Thai half-breeds - look kreung in the local vernacular - are a potential threat to foreign migrant labourers such as myself.
Thais born to foreign parents have a distinctive look. They also tend to have good English language skills.
Like most foreigners working in Thailand, I am employed for my native English skills. Some employers hire foreigners no matter what their background or experience, as long as they have English.
My company is guilty of that sin occasionally, but on the whole tries to hire people with relevant experience and qualifications, like me.
It is obliged to do so under the labour law, but that is almost beside the point. This is Thailand, after all.
Employing foreigners involves paperwork and expense. If my company could find fluent English speakers among Thais, it would not need me.
That is why I regard the presence of look kreung in the office as a potential threat. I don't want one to supplant my job one day because he happens to have been educated overseas.
I am not privy to this company's employment strategy. Beyond the small corner of the huge open-space office which I occupy, I know little of what is going on. But I have noticed more young Thai look kreung wandering into my ambit of vision.
I saw one just now, dressed in scruffy jeans and a dark patterned shirt. 'You know what's going to happen on Monday,' he said in a broad American-accented drawl.
He was talking to a Thai guy in his 20s who wears a telephone earpiece all day. At any moment, he can start talking to himself, as he sits in front of his computer. That's what it looks like, anyway.
This young man gets many visits from look kreung staff, perhaps because they work in the same specialist area.
They do creative, design-oriented tasks. As a mere migrant labourer, I just fix people's English.
No look kreung have yet penetrated my department, perhaps because fixing English is not seen as glamorous enough.

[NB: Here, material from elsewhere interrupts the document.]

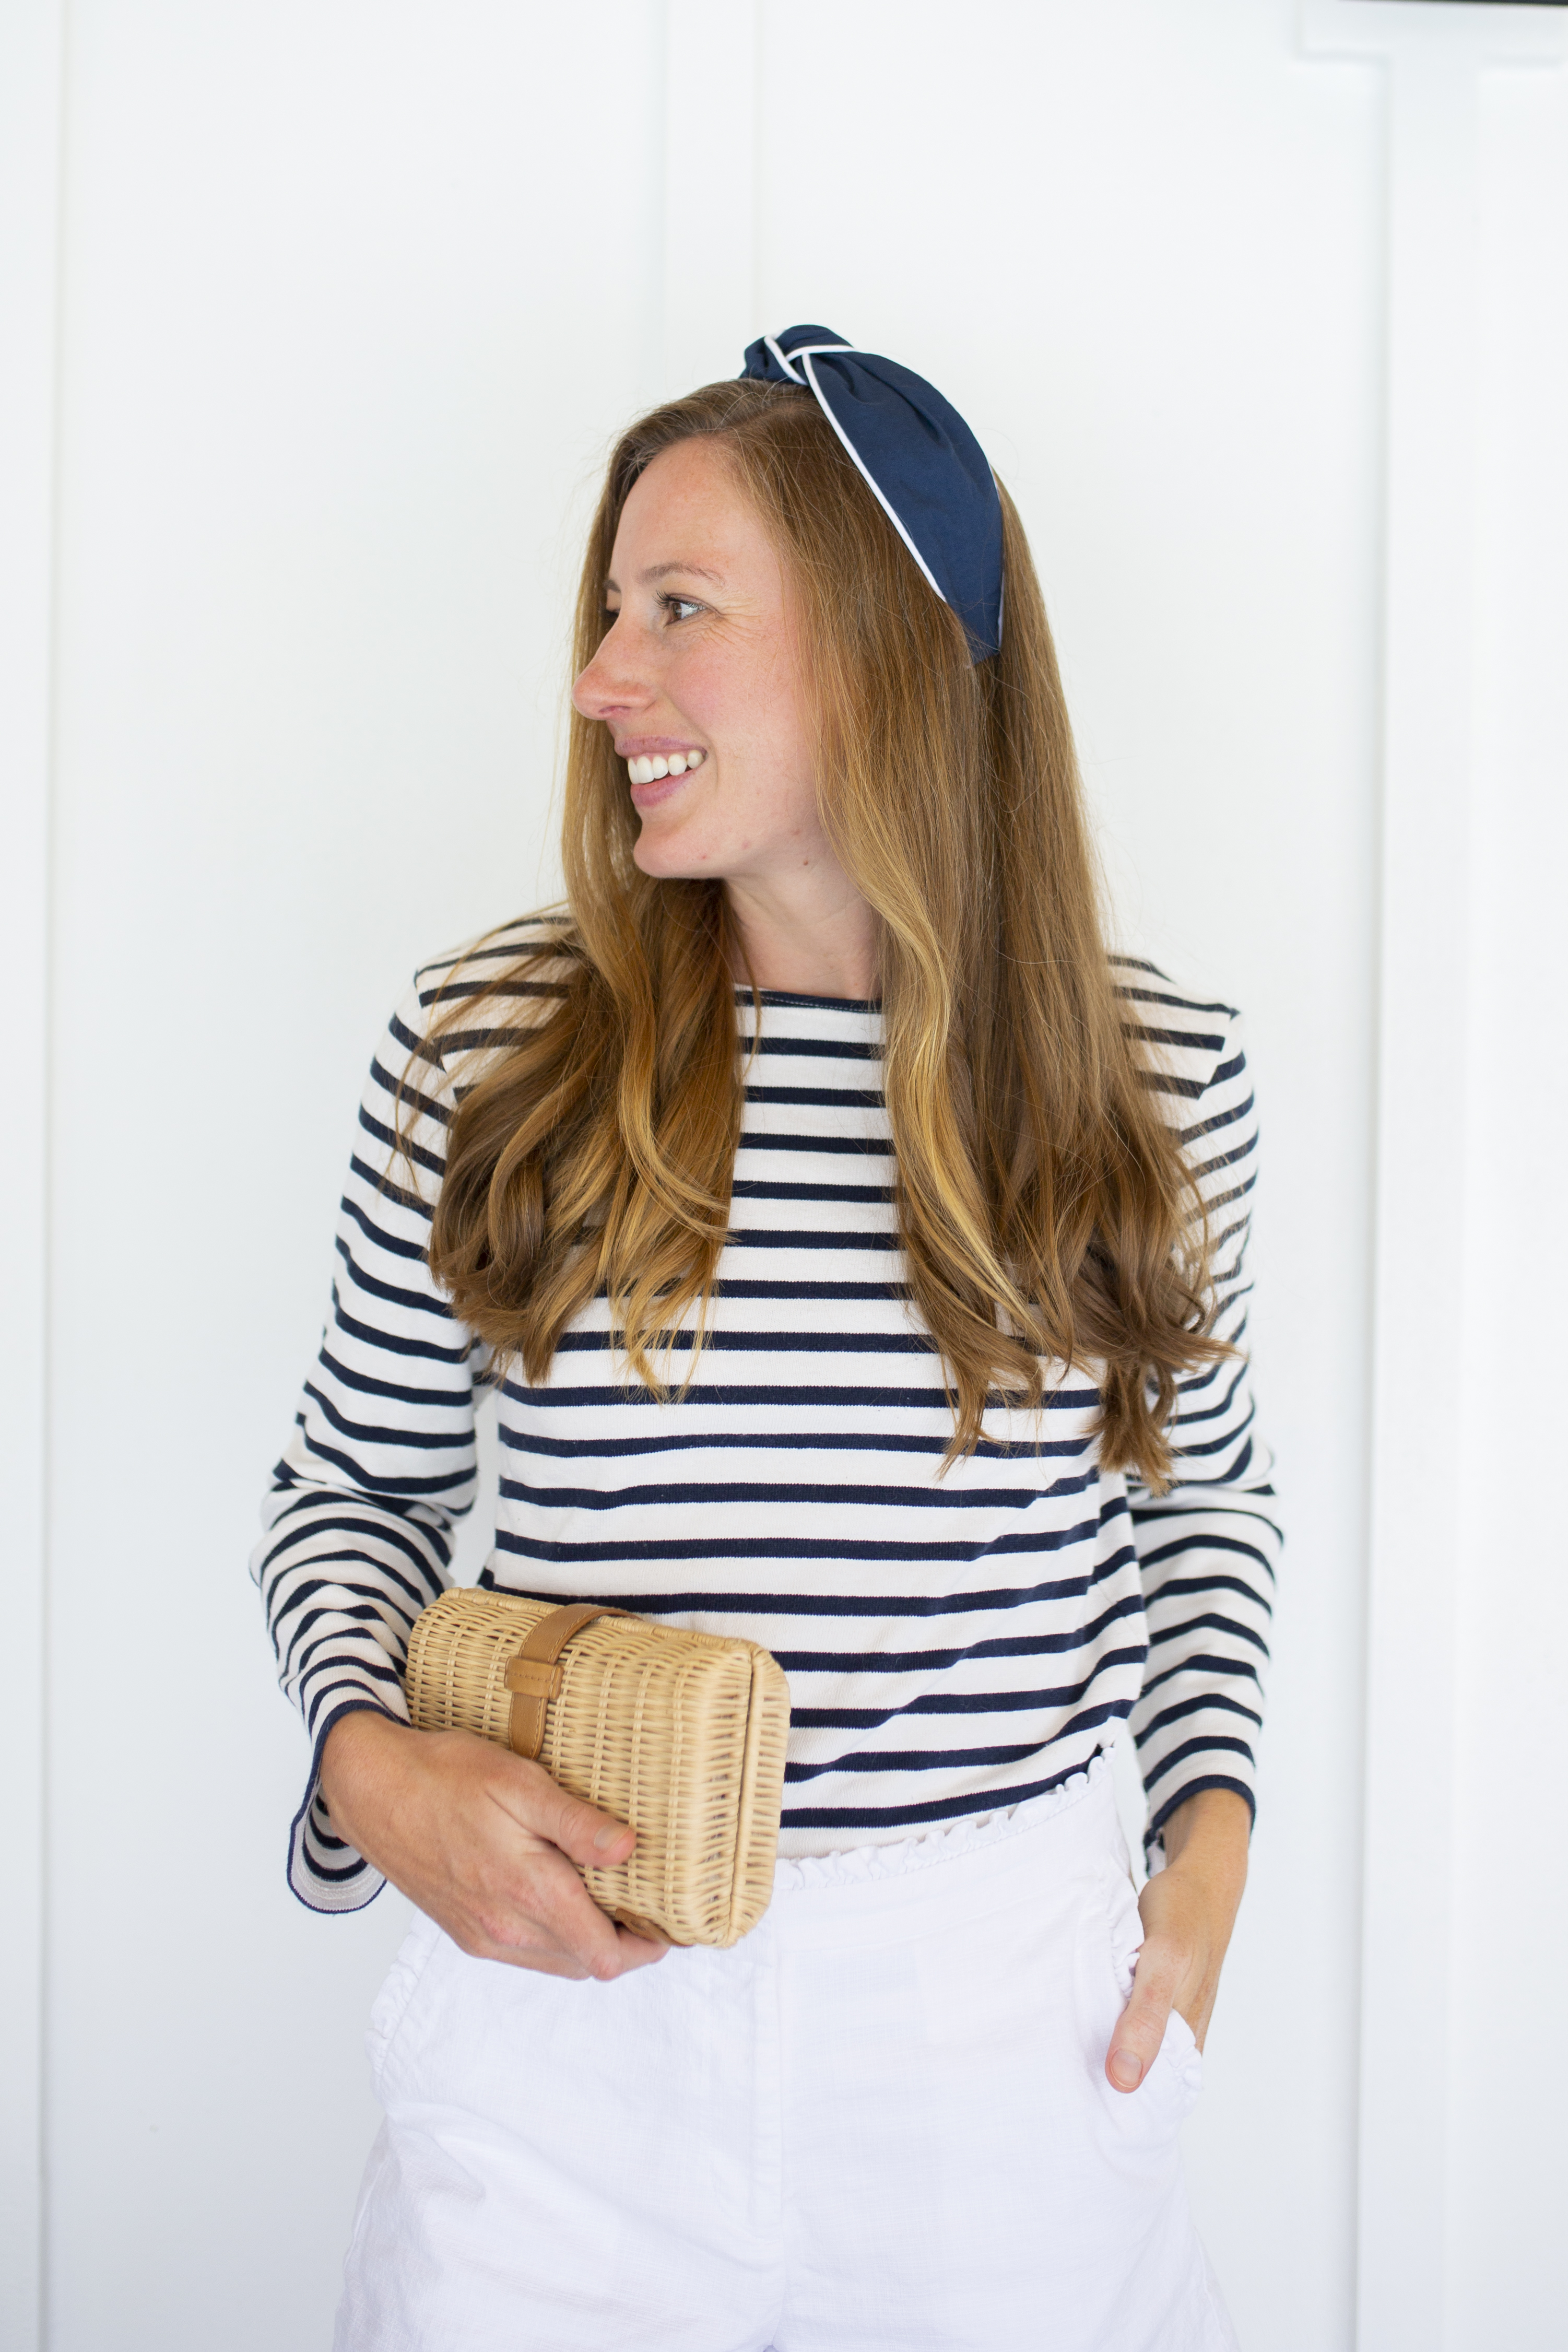 Sunshine Style Co. navy and white piped headband a long sleeve striped top with white shorts and straw bag

Some look kreung have lousy Thai, maybe because they spent too long overseas, or lost interest in their language while they were there. They insert so many English words into their Thai that they may as well make the change to talking wholly in English.
Do employers consider this lack of Thai fluency a drawback among look kreung? I have no idea.
If they work together, and have limited contact with Thai-speaking staff, then possibly not.
If they work together, and have limited contact with Thai-speaking staff, then possibly not.
I suspect they are paid more than ordinary Thais without their English language skills, but less than foreign workers for whom English is their native tongue.
If the company could find more of them to hire, I am sure it would. I cannot assume that my skills will be needed forever.